Building code goes into effect in Pa. on July 1

February 26, 2004|by DON AINES

CHAMBERSBURG, Pa. - Most municipalities in Franklin County do not have building codes or require building inspections for new construction, but that will change July 1 when all must adopt ordinances conforming to the Pennsylvania Uniform Construction Code.

"Waynesboro and Chambersburg are the only communities with building codes and building code inspectors," Washington Township Manager Mike Christopher said. He addressed a meeting of the Franklin County Council of Governments on the new requirements Wednesday.

"Up to now, it's been buyer beware," said Christopher. Most local governments issued building permits, but inspections of the work at various stages of construction was not required.


That will change with implementation of the construction code, which was passed in 1999. Every municipality must adopt the ordinance and then decide how it will be administered and enforced, Christopher said.

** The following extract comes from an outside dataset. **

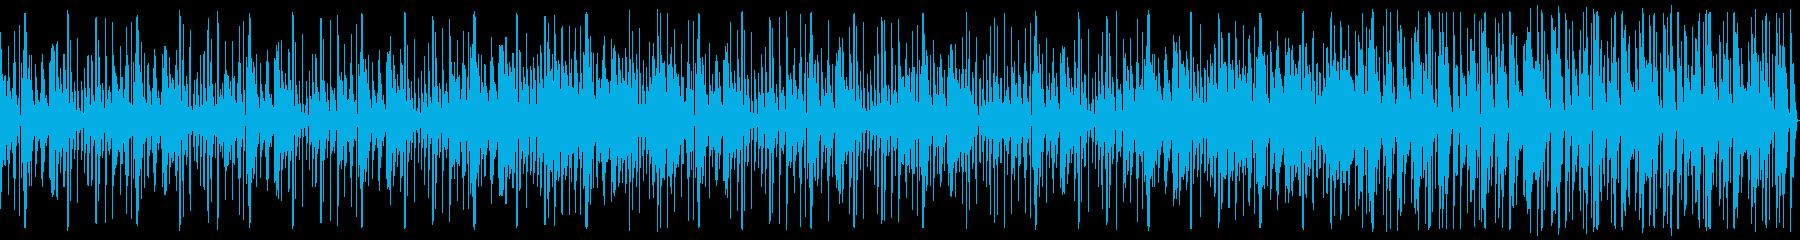 KANTスリリングリズム130_2の再生済みの波形

According to a draft ordinance, townships and boroughs may hire their own inspectors, but also can contract with a company.

In January, Chambersburg hired Commonwealth Code Inspection Service Inc., or CCIS, of Manheim, Pa., to perform its inspections following the retirement of its code enforcement officer, Assistant Borough Manager David Finch said.

"Most of them that we've been talking to have indicated they will be signing with us," CCIS President Peter Schilling said of the county's 22 municipalities.

"Waynesboro has decided they will keep their own code enforcement program," he said.

Inspections on a typical house will cost about $320 and be paid by the building permit applicant, Schilling said. The company does inspections for the footer, foundation, framing, plumbing, electrical, mechanical, wallboard and energy, as well as the final inspection, he said.

Schilling said that on most houses, several inspections can be done simultaneously, such as plumbing, electrical and mechanical. "I want to make sure that everyone who is going to go in and cut something has already done it," he said.

Schilling, whose company provides inspection services in six states, expects that six to 10 inspectors will be needed in Franklin County. Three CCIS inspectors already live in the county and the company plans to open an office on Cleveland Avenue in Chambersburg in March, he said.

While municipalities can hire any person or company certified by the Pennsylvania Department of Labor and Industry, Christopher said having one provider assures uniformity in services and fees.

About 2,500 to 3,000 building permits are issued each year, according to county figures. Applicants will have to meet local zoning, planning, utility and other requirements before applying to CCIS for a building permit, Christopher said.

Schilling said CCIS has 15 days to issue a building permit after receiving a complete application for a house and up to 30 days for a commercial building.

Christopher said most inspections during construction will be done within 24 hours of CCIS being notified.

"Some of us here living on the Maryland line are used to building codes because we do work south of the border," said Larry Eberly, a Greencastle, Pa., builder and vice president of the Franklin County Builders Association. He said it might slow down work a day or two while contractors wait for inspections but, "I see nothing wrong with having building codes."

Eberly said most contractors already adhere to industry standards that conform with the state's new requirements.

The Pennsylvania Uniform Construction Code is based on the International Building Code, said Clem Malot, a CCIS inspector from Fulton County. He said Pennsylvania is one of the few states yet to implement a uniform building code.